Nb this is just an example…
and then we should use the matrices to create the series to plot

Sirf = zeros(2,H); 4 Xirf = zeros(6,H); 5 6 Sirf(:,1) = B*sigmae; 7 Xirf(:,1) = D*sigmae; 8 9 for j = 2:H 10 Sirf(:,j) = A*Sirf(:,j−1);
Is always an example…
The problem is that, given the model, we should have 12 variables, 6 states and 6 controls;
the states are s(-1)…s(-5) and N(-1), since we have fixed K=5, and the same for the controls( w(+1), etc). How can we say to dynare to use these variable?
Should we order all the 12 variables even if declared just four?
And then, in the matrixes, dynare “reads” s(-1) as a function or an an element of a vector, that for this reason cannot be negative.
During the construction of Xirf and Sirf it complaints about problems with matrixes dimension, and we think it’s because of the wrong construction of A B, C D.

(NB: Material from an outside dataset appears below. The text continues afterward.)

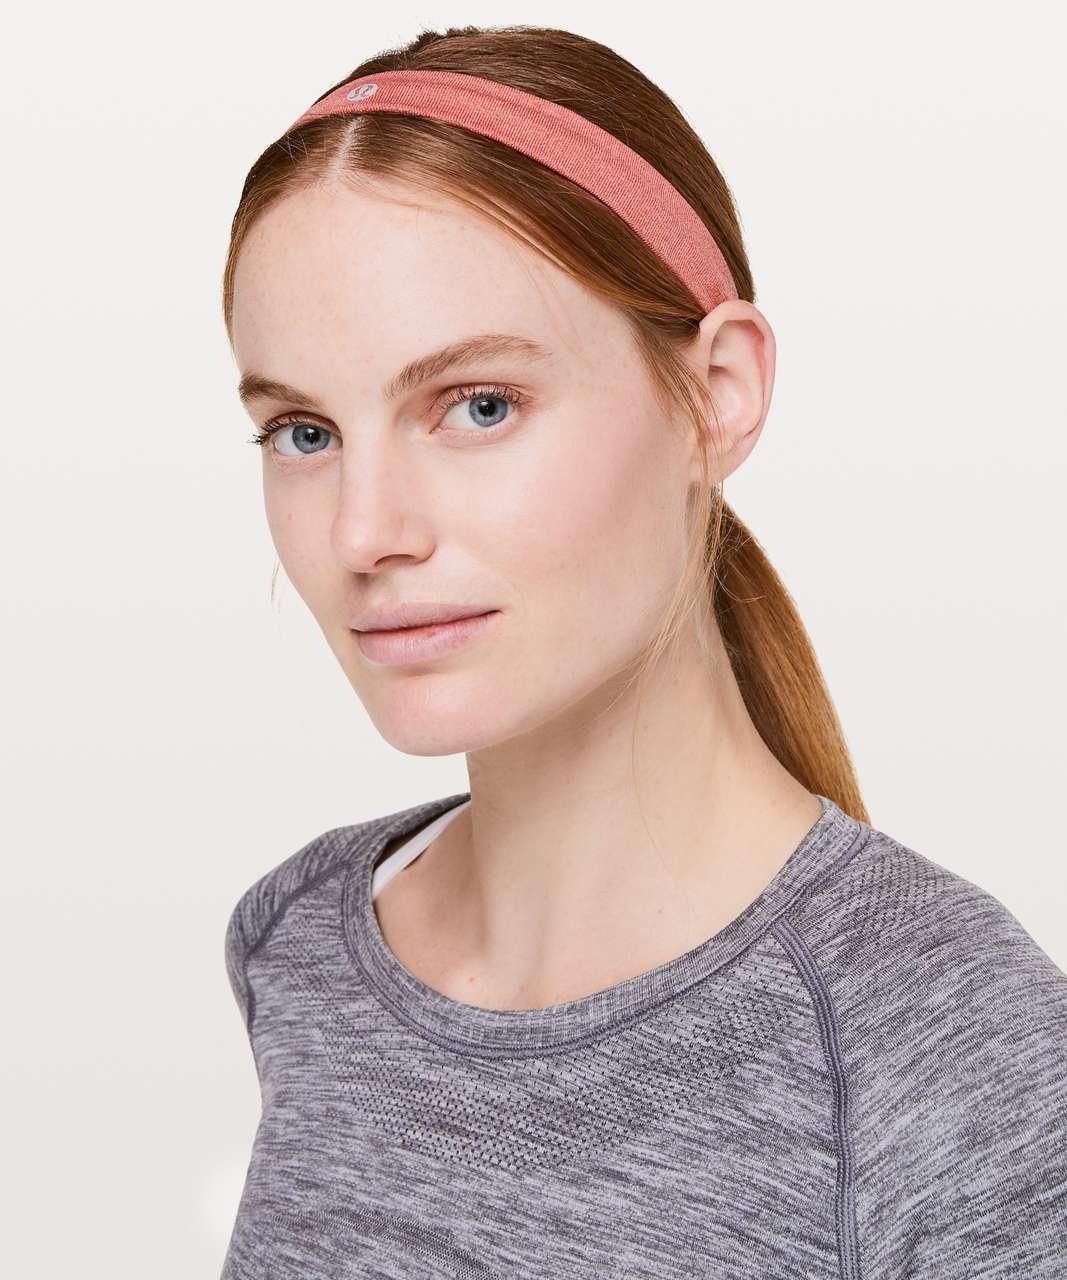 Lululemon Cardio Cross Trainer Headband - Aries / White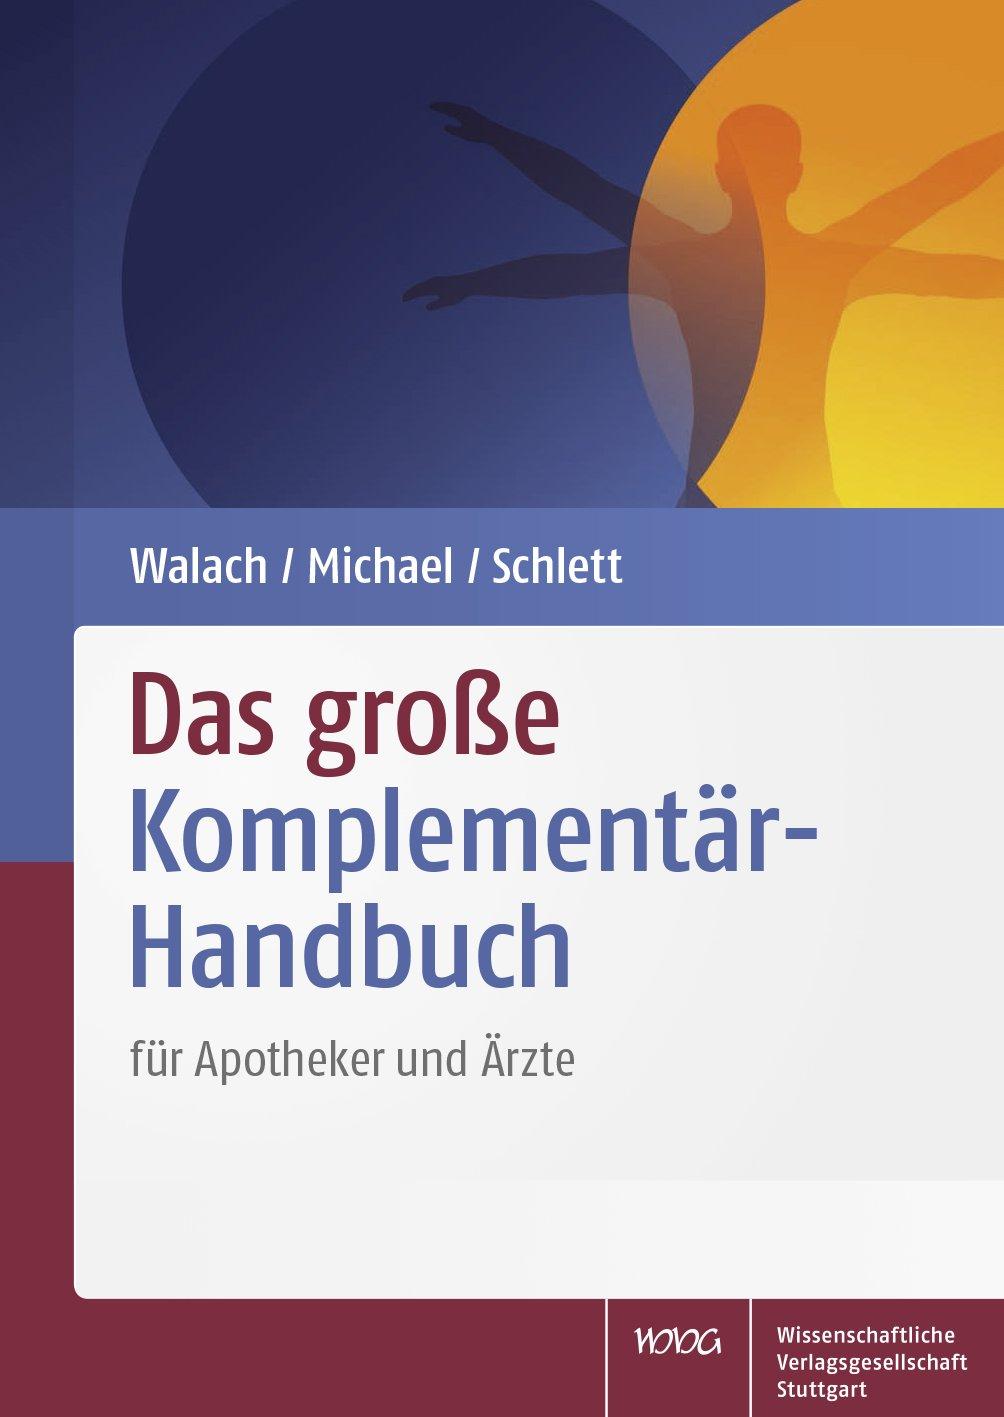 Das große Komplementär-Handbuch - Shop - Mediengruppe Deutscher ...

We are not able to find example with variables indexed at times following t+1 or previous to t-1. Probably is not such a big problem but we don’t know how to proceed.
Thank you

In that case you need to introduce auxiliary variables for lag bigger than 1 (essentially a companion form). That way, Dynare will not introduce auxiliary variables itself, which can be hard to access.